The results suggest that credit cards and other unsecured debt “may reflect limited financial resources to invest in children and/or parental financial stress.” In contrast, home loan and student loan debt suggest a parental impulse to improve their job prospects and perhaps relocate to a better, more child-friendly neighborhood.

“Our results suggest that unsecured debt, and perhaps the financial deregulation policies that precipitated the increase in debt, are linked to lower socio-emotional development for children,” the researchers conclude. “This is concerning,” they add, given that these issues have been “linked to a range of adverse effects across the lifespan.”

They suggest health care providers could “flag overdue medical bills and include items about debt issues on intake forms. be referred to a financial coach or a community organization. »

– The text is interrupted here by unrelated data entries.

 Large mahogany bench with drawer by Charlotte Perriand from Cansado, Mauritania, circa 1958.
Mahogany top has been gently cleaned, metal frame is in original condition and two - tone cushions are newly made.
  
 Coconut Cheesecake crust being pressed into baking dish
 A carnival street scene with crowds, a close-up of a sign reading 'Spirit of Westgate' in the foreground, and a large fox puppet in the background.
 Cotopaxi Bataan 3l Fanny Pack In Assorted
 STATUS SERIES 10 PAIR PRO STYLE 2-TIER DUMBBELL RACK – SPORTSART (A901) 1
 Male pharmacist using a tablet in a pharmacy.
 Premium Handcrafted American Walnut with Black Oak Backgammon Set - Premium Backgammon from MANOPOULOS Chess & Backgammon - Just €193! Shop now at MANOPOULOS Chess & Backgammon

So investing in your family’s future, even if it means going into debt, can be good for your children. But living beyond your means, when it doesn’t reflect that kind of forward-looking mindset, can have the opposite effect.

It seems like giving in to your kid’s desire to own that Xbox isn’t worth the trade-off – if you have to go into more debt to buy it and, as a result, you’re a stressed, less present parent.


Results is a daily chronicle of Pacific Standard writer Tom Jacobs, who scours psychological research journals to discover new insights into human behavior, ranging from the origins of our political beliefs to the culture of creativity.